The Globe and Mail has a short item on the new logo for certified organic foods in Canada.
Here is part of the official statement from the Canadian Food Inspection Agency, with emphasis added:
The Canada organic logo will be permitted for use only on those food products certified as meeting Canadian standards for organic production such as using natural fertilizers and raising animals in conditions that mimic nature as much as possible. Certified products must also contain at least 95 per cent organic ingredients. Following the phase-in period ending in December 2008, it will be mandatory that all organic products be certified for interprovincial and international trade.
Raising animals in conditions that mimic nature as much as possible? That caught my eye, so I looked up the the Organic Products Regulations (which are enabled by the Canada Agricultural Products Act) and found it requires compliance with a set of policies that includes this: Organic Production Systems — General Principles and Management Standards. In that document, not only do we find this regulation is part of a (long overdue) legal effort to stem the use of agricultural antibiotics, but we see this enjoinder
Livestock shall be managed responsibly with care and respect.
That’s encouraging, but it would be more convincing if statements like the following were not included:
Tail docking of pigs is prohibited except to control tail biting and shall be permitted only when all other efforts to eliminate this behaviour have proven unsuccessful.

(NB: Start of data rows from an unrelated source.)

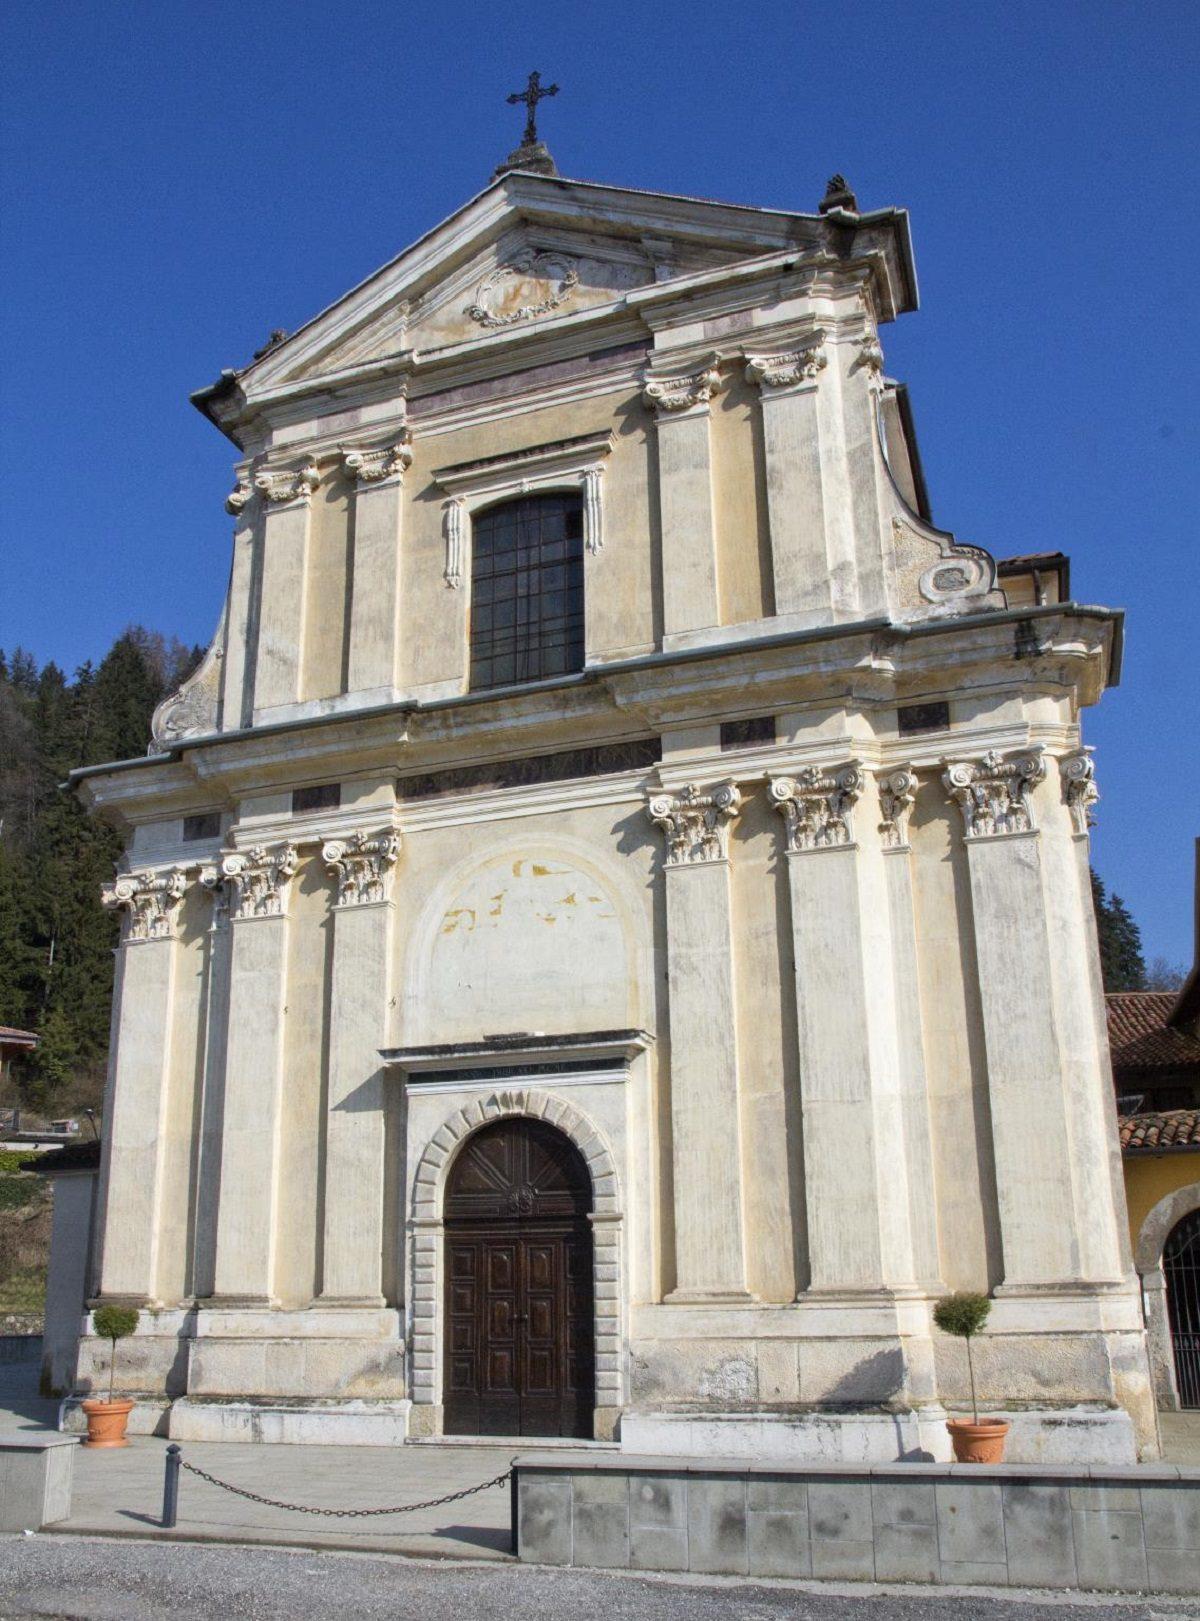 Chiesa Santi Cosma e Damiano, Marmentino
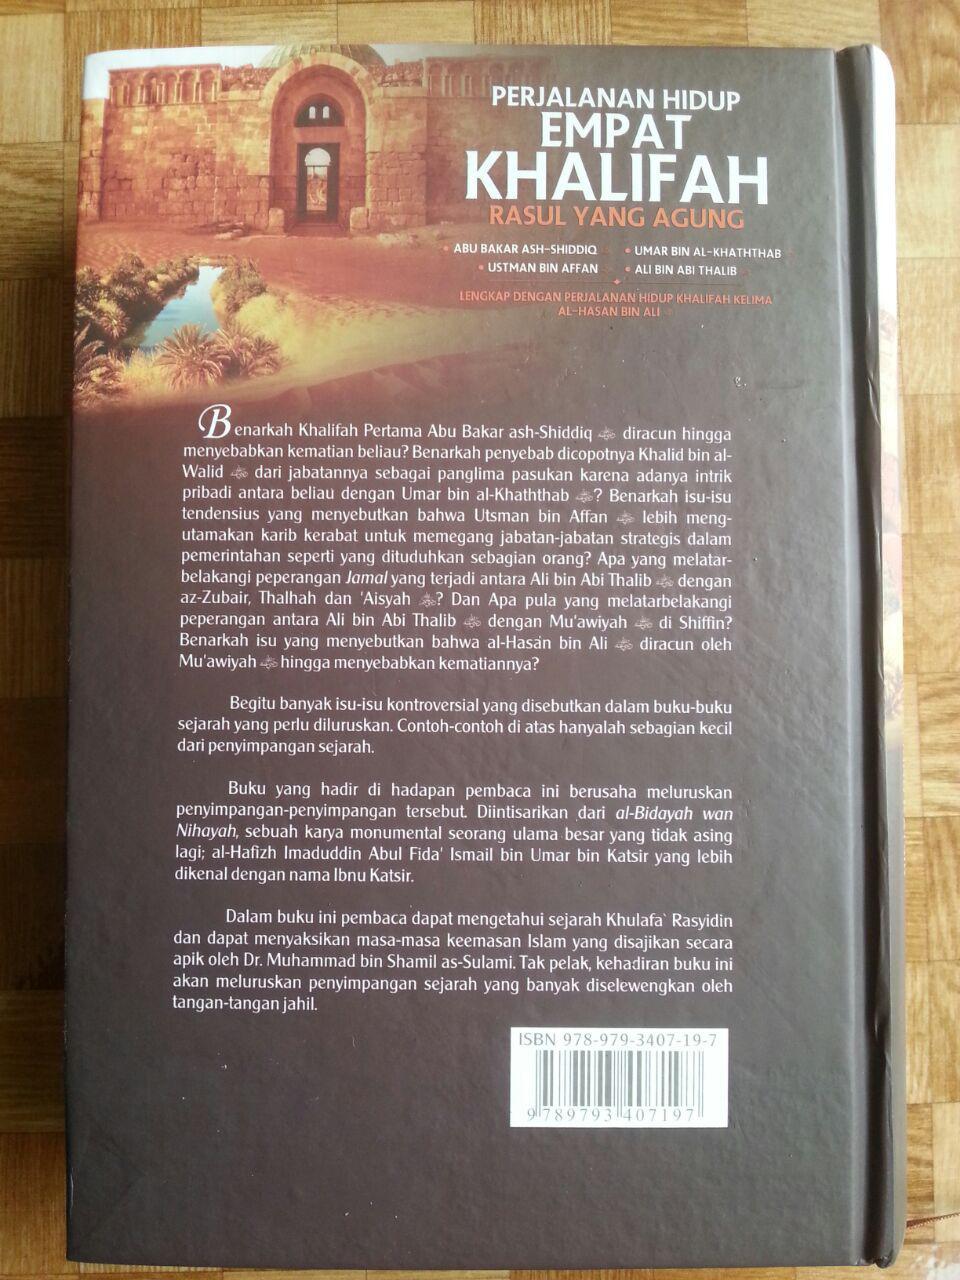 Buku Perjalanan Hidup Empat Khalifah Rasul Yang Agung cover
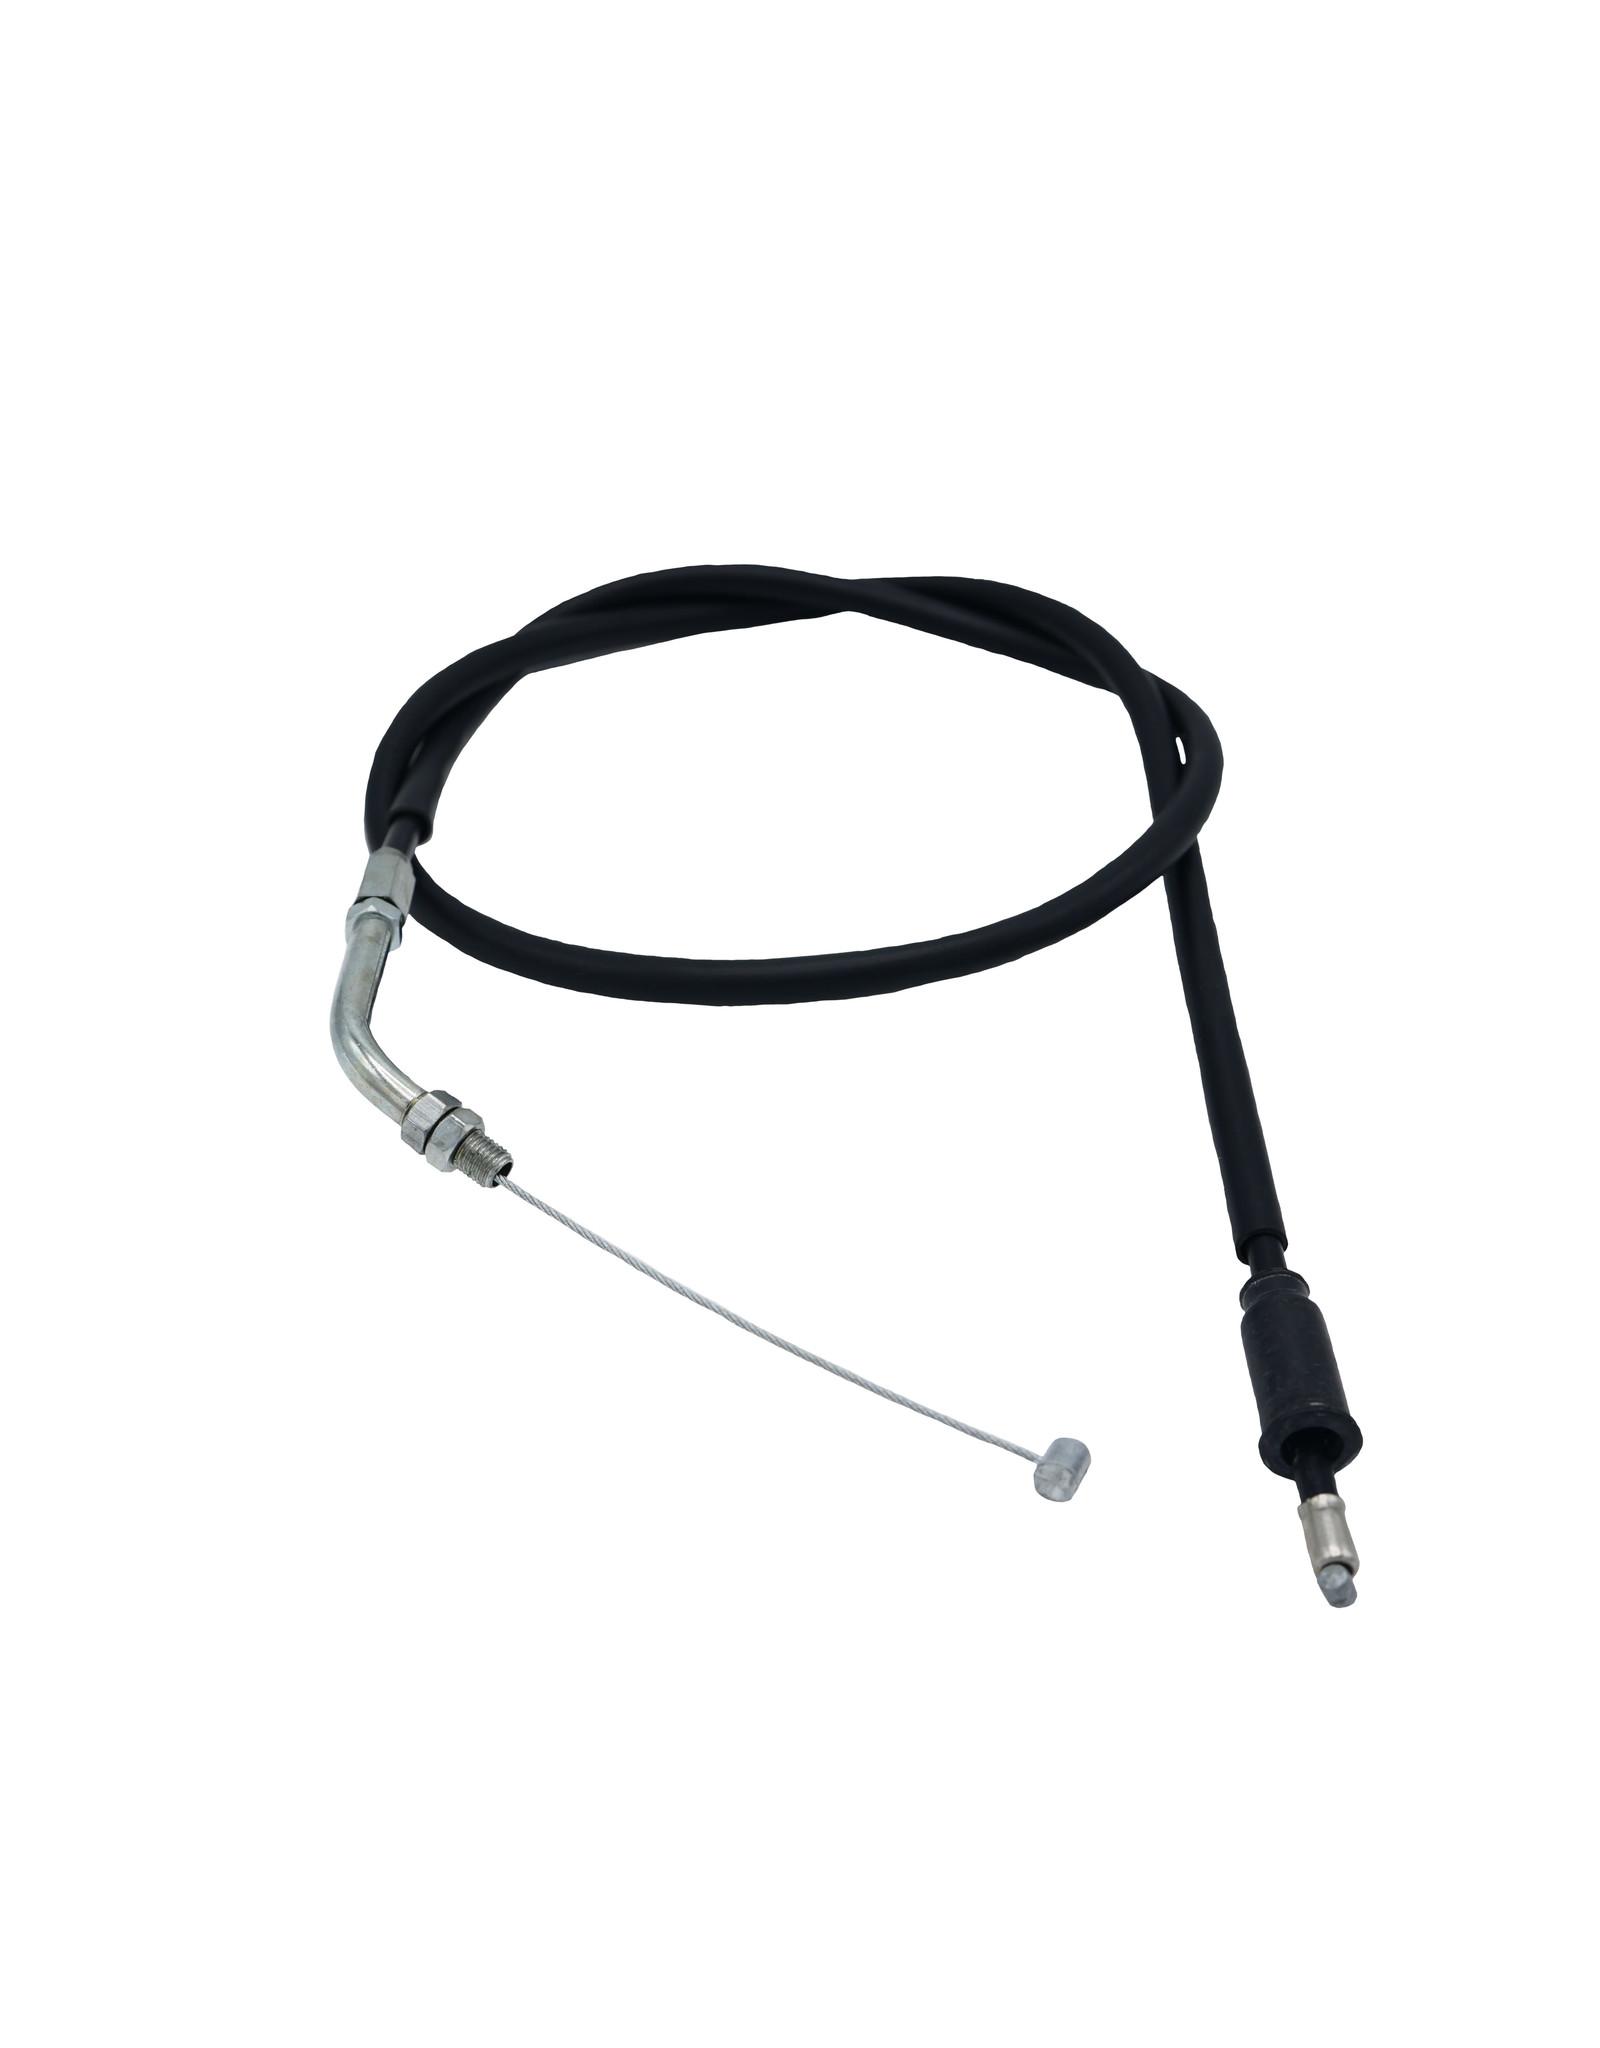 Choke Cable Gen 1 RSV / Tuono AP8114359

Beak trimming and de-toeing of birds is prohibited unless all other efforts to control problem behaviour have proven unsuccessful.
The sort of people who buy organic food might just think cutting off bits of animals should be prohibited entirely, especially when its purpose is to prevent behaviours caused by poor living conditions.
Regarding those messy details, I’ll point you in the direction of a book by Peter Singer & Jim Mason: The way we eat: Why our food choices matter (2006). It reveals how the legal and moral issues about food certification are not as black and white as the logo pictured above.
I appreciate your point of view, dude, but honestly, I don’t understand why people who eat meat get so upset that the animals have their tails docked or beaks clipped or whatever while they’re alive. I mean, they are brought into the world for the sole purpose of being killed, so it just doesn’t seem like compassion or concern for the animals’ well being has a place in that kind of equation.
I guess that’s the thing – rather than looking at the ethics of food certification, why not take a look at the ethics of food, period? Why not satisfy your own self that your meal didn’t come from a source you find ethically unsound?
On that topic, check out some of Gary Francione’s writing sometime. He’s a professor at Rutger’s school of law.